Ünal, şu ifadeleri kullandı:
"Kendinizi şöyle bir anlığına Erdoğan’ın yerine koyun. Ama makam aracındaki, makam koltuğundaki, meydanlardaki ya da zafer akşamı parti balkonundaki Erdoğan’ın değil; terör örgütlerinin, istihbarat örgütlerinin, çıkarları, rantları zedelenen şer odaklarının, batıl ideolojileri ile gözleri kararmış fanatiklerin, fasıkların, münafıkların, hainlerin hedefi olan Erdoğan’ın, çocukları neredeyse babasız büyümüş Erdoğan’ın, varlığını inancına, ülkesine, milletine adamış bir Erdoğan’ın yerine koyun kendinizi. Ne kadar taşıyabilirsiniz bu yükü? Ne kadar tahammül edebilirsiniz bu sorumluluğa, riske, tehlikeye, fedakârlığa? Erdoğan’ın, bir insan ve bir kul olarak hatalarını görenler, kimi zaman işte bu büyük resmi ıskalayıp detaylara takılıyorlar. Kırılıyor, küsüyor, darılıyor, gönül koyuyorlar.

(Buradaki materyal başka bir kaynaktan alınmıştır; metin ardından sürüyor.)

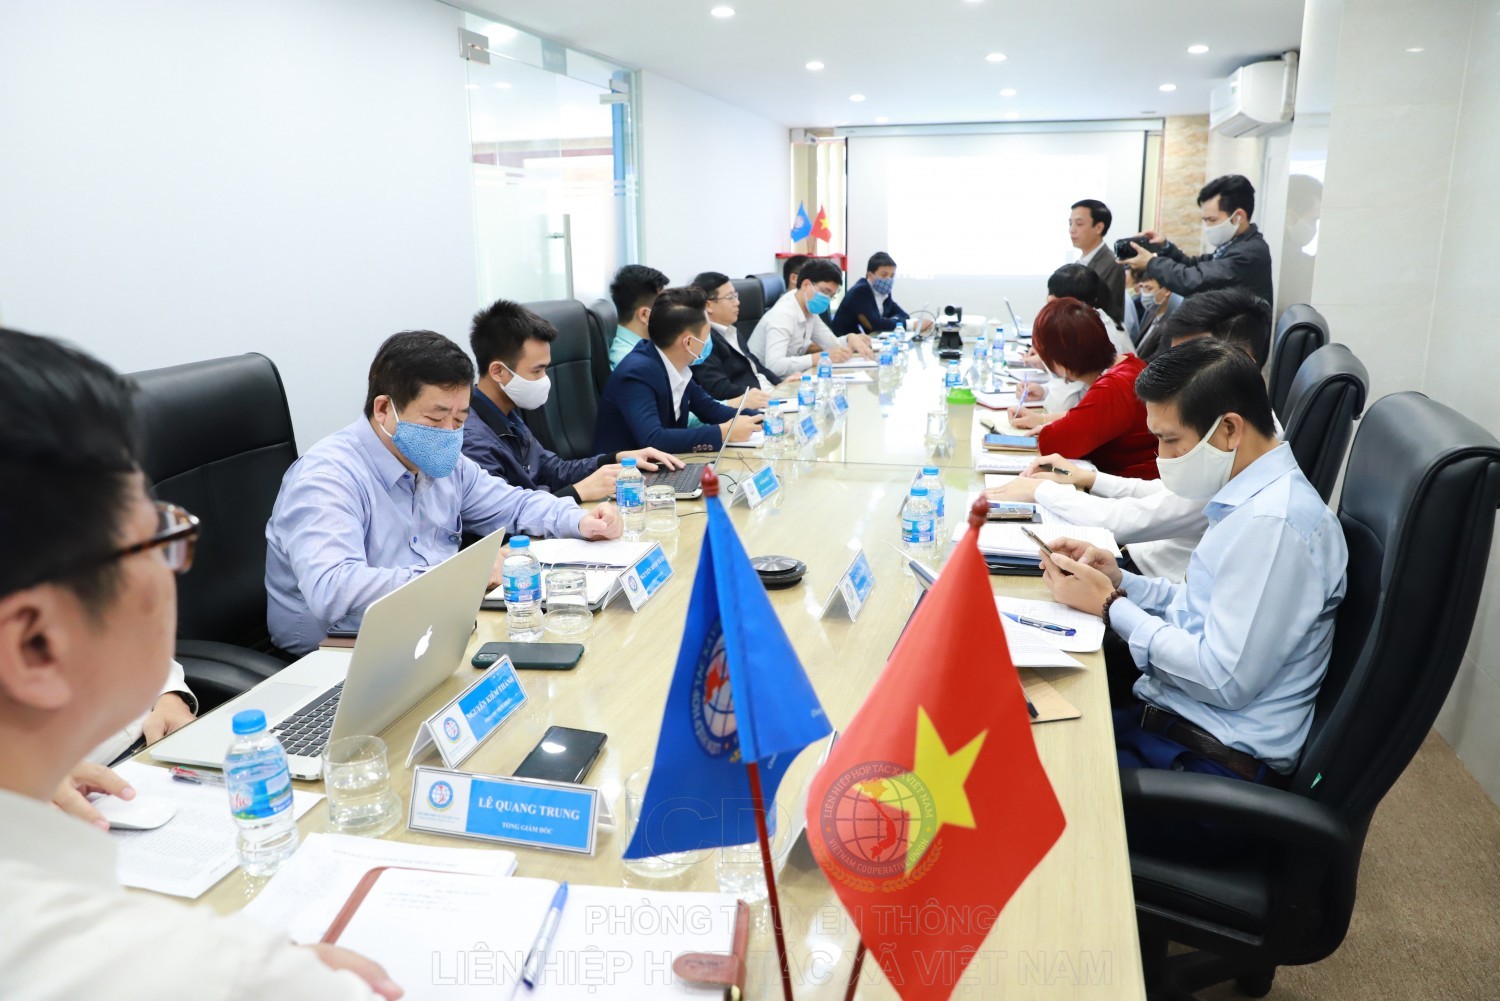 Quang cảnh cuộc họp trực tuyến đầu tiên của Liên Hiệp Hợp tác xã Việt Nam dưới sự chủ trì của Tổng Giám đốc Lê Quang Trung

Burada kalıp, sandığa gitmeye, oy vermeye tereddüt edenler de var. İşte onların, 14 Mayıs günü, küçük meseleleri bir kenara koyup, büyük meseleyi vicdan terazilerinde tartacaklarına eminim. Sizi kırdılar, küstürdüler, uzaklaştırdılar, canınızı sıktılar. Eyvallah. Haklısınız. Çok haklısınız. Ama vereceğiniz ceza ile cürüm arasında hakkaniyetli bir oran olduğuna emin misiniz?"